Trans-temporal Perspectives on the Moche of Northern Peru: Archaeology, Heritage, and Indigeneity

Recorded: April 11, 2025
Event: Whither Global Antiquity? Retrospection and Future Directions
Citation: Muro Ynoñán, Luis. “Trans-temporal Perspectives on the Moche of Northern Peru: Archaeology, Heritage, and Indigeneity,” Global Antiquity: Whither Global Antiquity (April 11, 2025).
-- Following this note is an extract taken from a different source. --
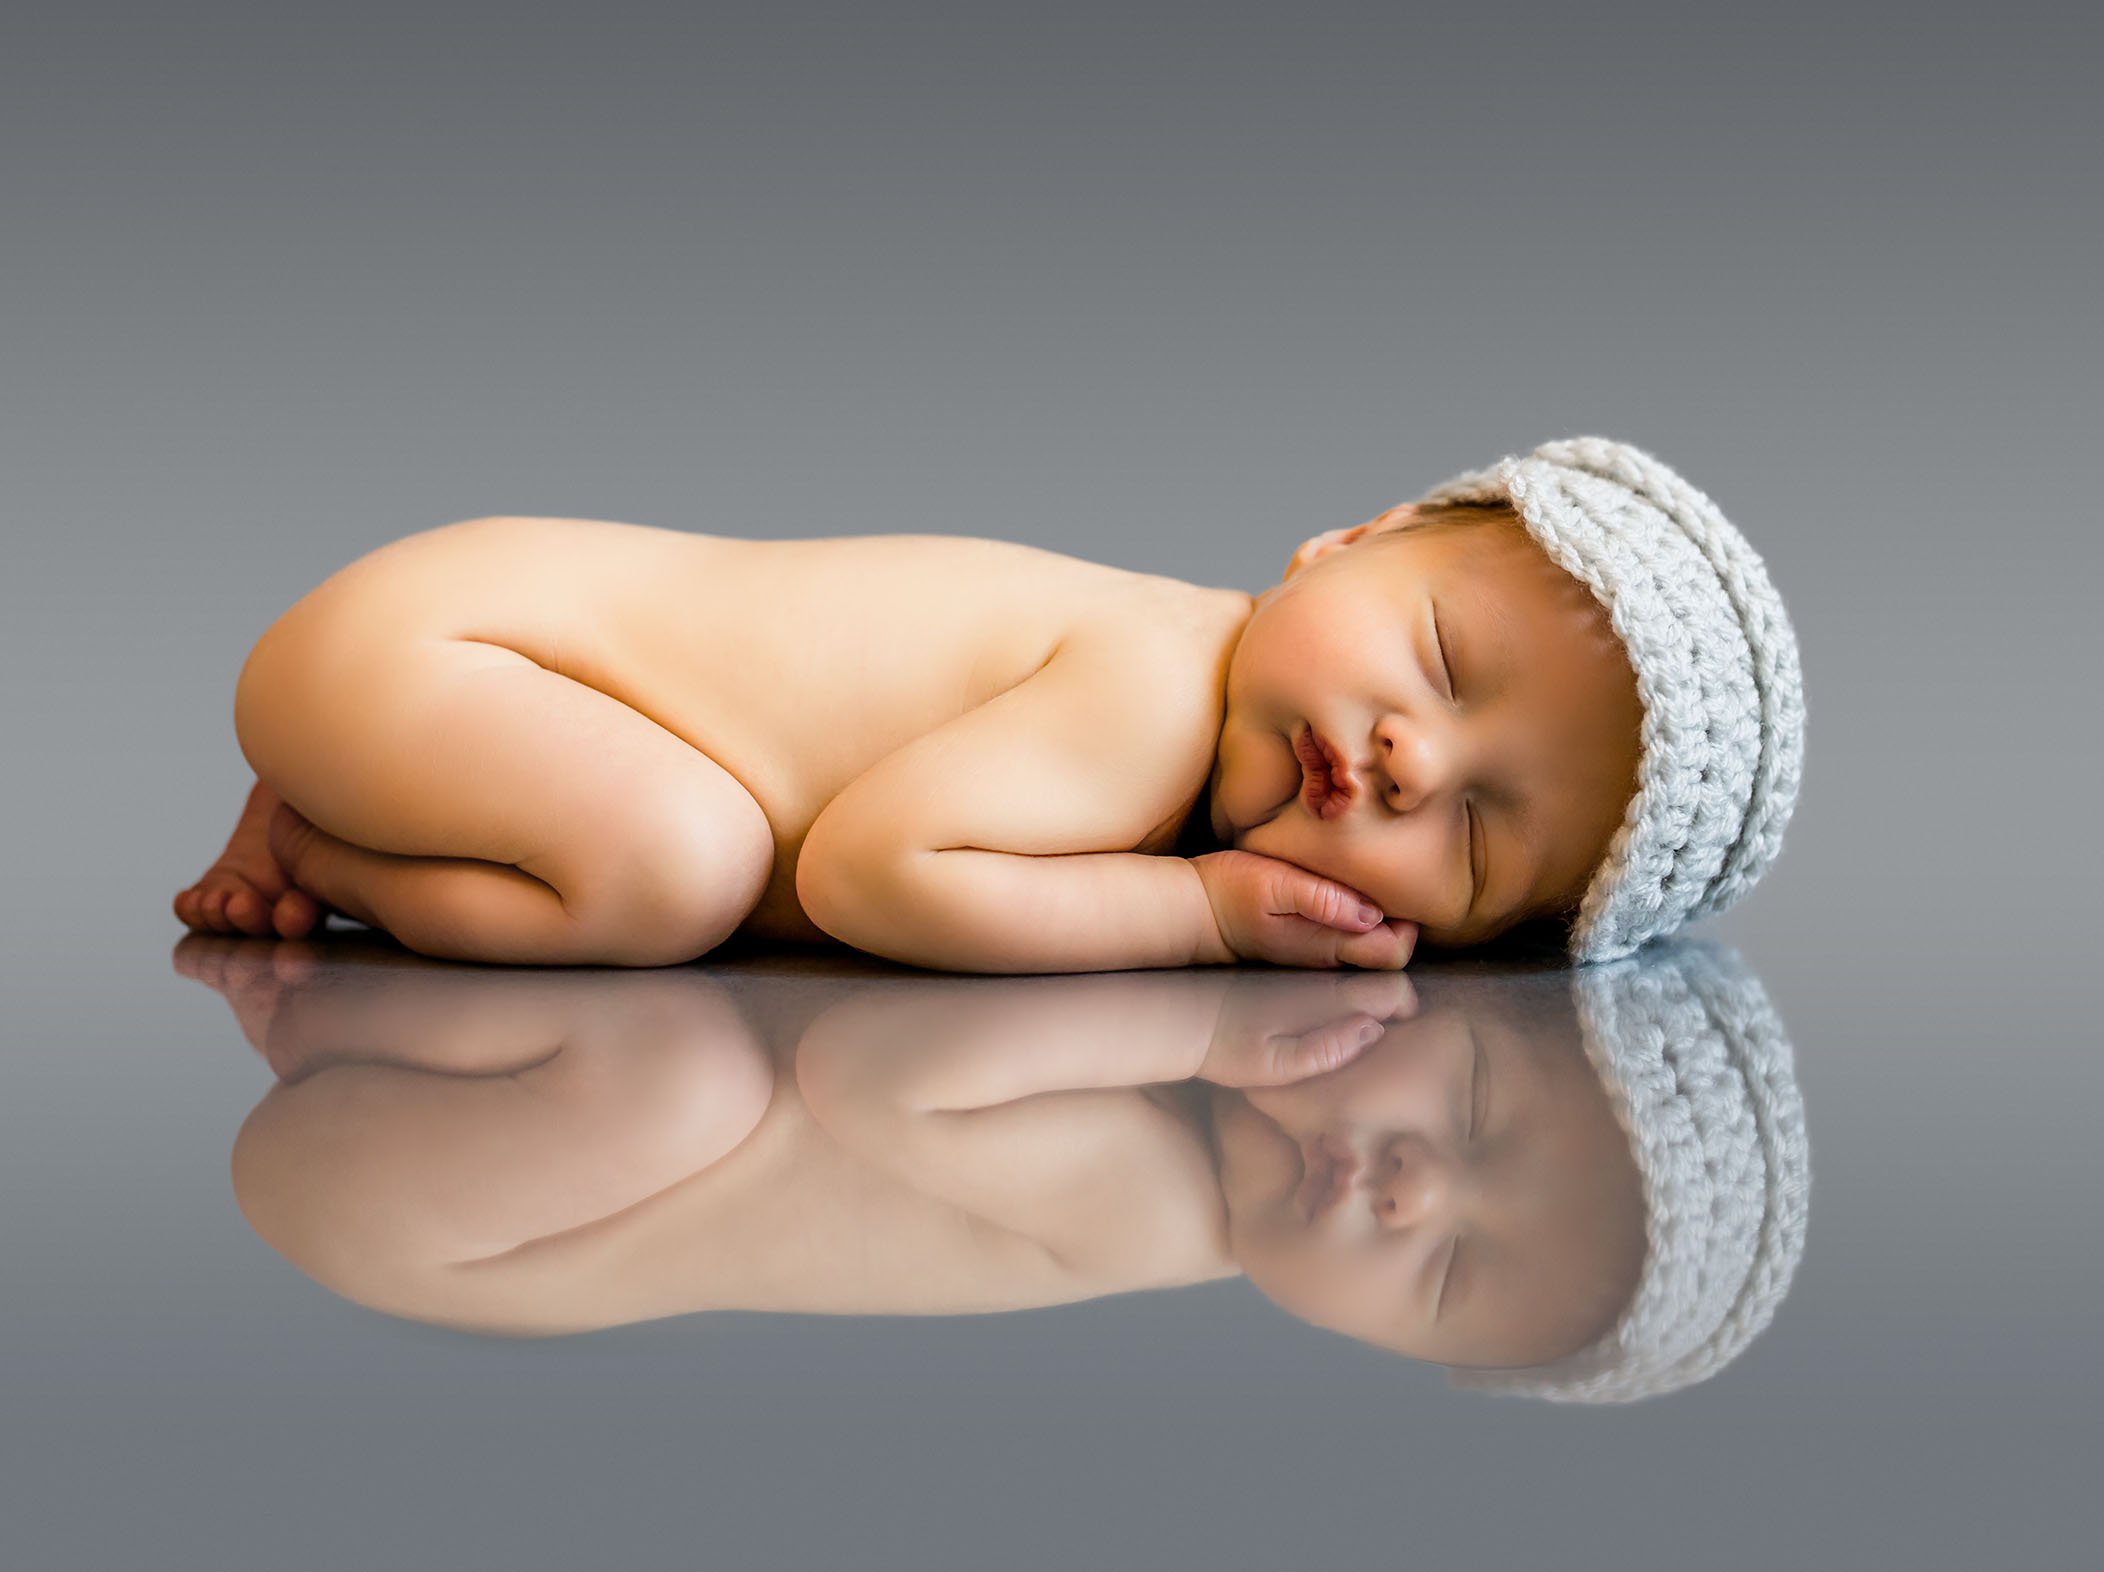 Newborn baby reflection on grey background

by Luis Muro Ynoñán (Field Museum)

The Moche territory in the North Coast of Peru is one of the cultural areas of the Andes that have drawn the most fascination from scholars studying the deep past. It was home to the earliest processes of domestication, urbanism, and social complexity in the New World. Historical narratives about this region have been mainly dominated by archaeologists who have created compartmentalized visions of the territory whose occupation is seen as a sequence of phases, periods, and cultures. Said narratives, I argue, have precluded trans-temporal perceptions of the cultural landscapes of this region where the line between the precolonial, colonial, and postcolonial can be erased in favor of a focus on the multiplicity of experiences of time and history in the territory. This talk attempts to overcome the excessive emphasis on neo-evolutionary frameworks imposed by archaeologists and move towards a multi-scalar and inter-disciplinary approach of space, time, and bodies that inhabited (and still inhabit) the cultural landscapes of this region. Under this approach, ancient landscapes, huacas and huacos are no longer considered relics of a deep past. Instead, they are dynamic actors within an ever-continuous process of Indigenous identity-making, land tenure, heritage (re)appropriation, and ecological and environmental equilibrium with powerful effects in the present.

About the Speaker

Luis A. Muro Ynoñán (PhD, Stanford) is a Peruvian anthropological archaeologist specializing in the archaeology and heritage of the Moche. He is currently an Assistant Curator of South American Anthropology at the Field Museum of Natural History in Chicago and a Lecturer in Archaeology at the Pontifical Catholic University of Peru in Lima. His research has been awarded with fellowships and grants from various institutions including the Society for American Archaeology, Dumbarton Oaks, Los Angeles County Museum of Art, the Field Museum, the Stanford Institute for Research in the Social Sciences, and the Lilly and Mellon Foundations. He has broad theoretical interests including the study of ancient religion, performance, and monumental landscapes, as well as heritage ethics, rights, and decoloniality. He is currently the director of the Zaña Cultural Landscape Archaeological Project in Lambayeque, Peru. Through this project, he examines the emergence of Moche religion and religious monumental landscapes in relationship to climatic oscillations documented for the 1st millennium CE in northern Peru.